ORLANDO – Who's responsible when a medical device breaks down or is hacked – the manufacturer who made it or the healthcare provider who's using it?
The question isn't easy to answer, but it is sure fun to discuss. And as the daylong Medical Device Security Risks and Challenges Symposium kicked into gear Sunday morning at the Orlando County Convention Center, that conversation kept things lively.
"It's not about security," said Theresa Cullen, MD, chief medical information officer of the Veterans Health Administration. "It's about healthcare delivery in a secure fashion."
Cullen should know. An ER doctor by profession, she "lives with risk every day." And during her five years as CIO of the Indian Health Service, she once had to dispatch a helicopter down into the Grand Canyon to disconnect a device from the network.
Now she's dealing with 650,000 discrete medical devices in the VA, about 10 percent of which are hooked up to the network. So while she's worried about devices being used, she wonders if the companies that have designed those devices did their best to make sure they won't break down or be hacked.
That's Michael McNeil's job. As global product security and services officer for Philips Healthcare, he's concerned not only with the products now coming off the shelves, but with going back and finding ways to protect and secure the company's legacy devices.
Both Cullen and McNeil, who opened the HIMSS14 symposium as co-keynote speakers, said the answer to privacy and security lies in collaboration.

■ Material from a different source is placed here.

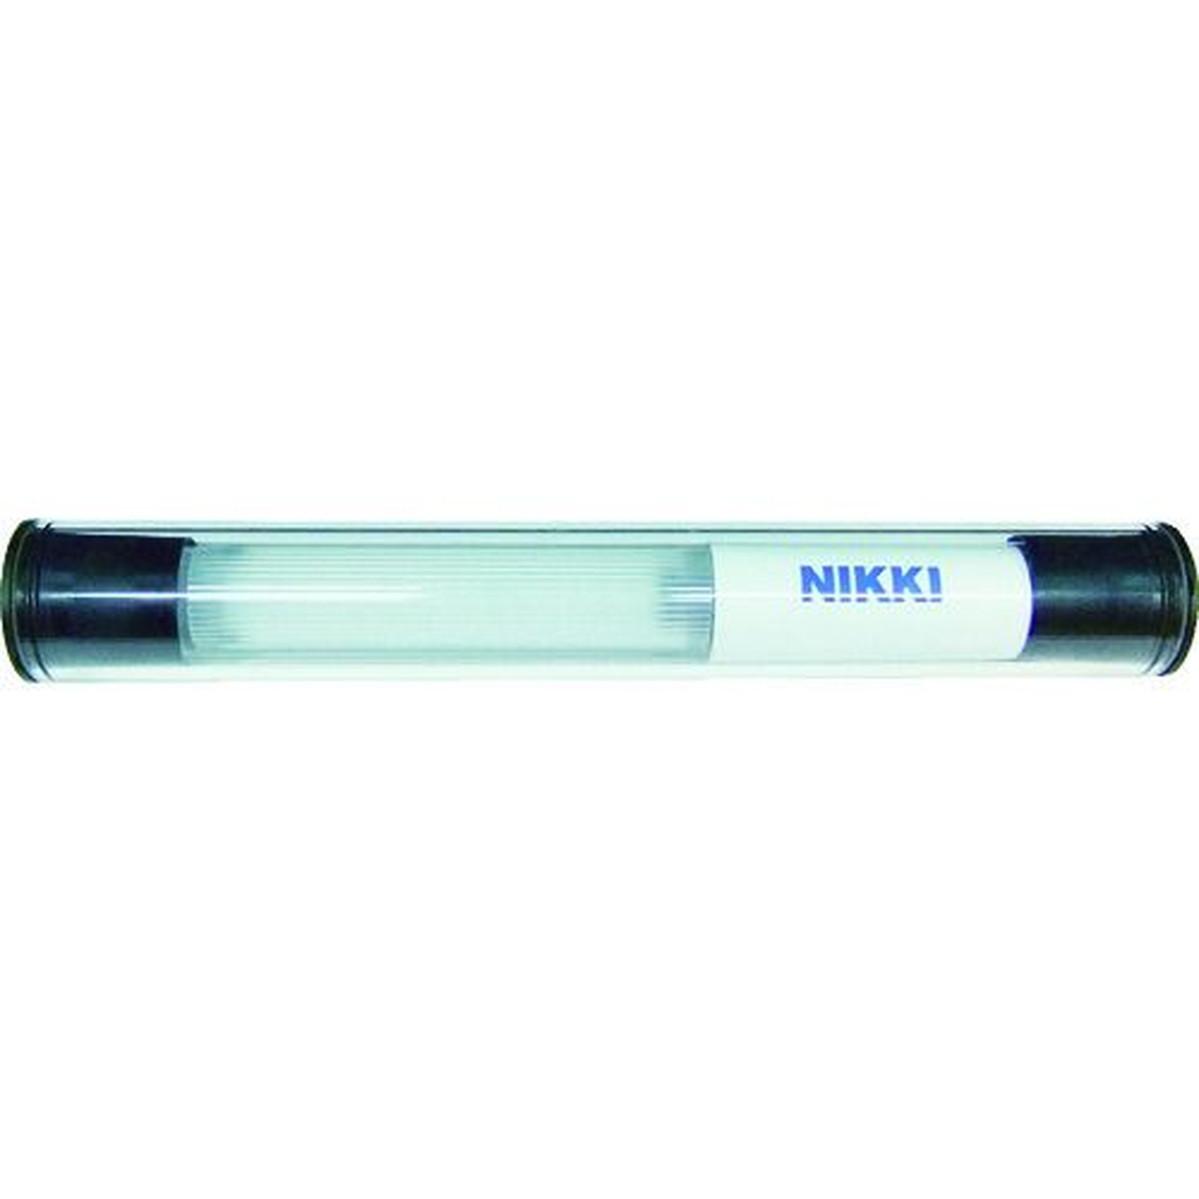 あす楽対応 2020 DIY用品 日機 防水型LED照明灯 10W 新色 1個 DC24V
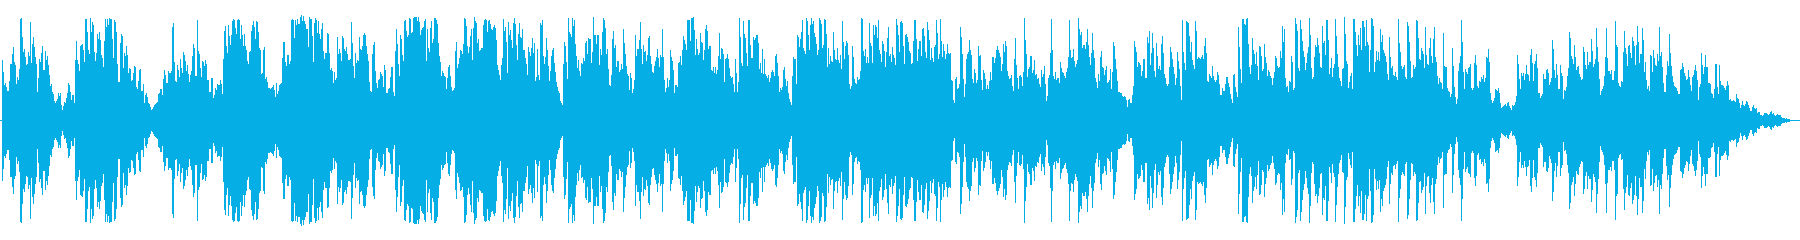 カフェ・映像 優しいlo-fiピアノソロの再生済みの波形

And that should involve not only vendors and providers, but legal and regulatory agencies, standards organizations, even patients.
Is that happening?
Not really, said Dale Nordenburg MD, executive director of the Medical Device Innovation, Security and Safety Consortium (MDISS). "We still have a very significant silo problem here," he said.
"When we talk about collaboration, I'm not sure we're there yet," added Cullen.
O'Neill, who'd worked for Medtronic before moving to Philips, said device manufacturers understand "they're not just selling the box and moving on," and they have a responsibility to ensure their products – including legacy products – are safe and secure. That means keeping the lines of communication open with providers.
If security is an afterthought with providers, he said, "you're going to have problems, you're going to have issues, and that's on the manufacturers."
As the session wound down, Nordenburg looked out over the audience of roughly 100 people and asked if any physicians or risk compliance officers were present. No one raised a hand.
So collaboration is still on the horizon.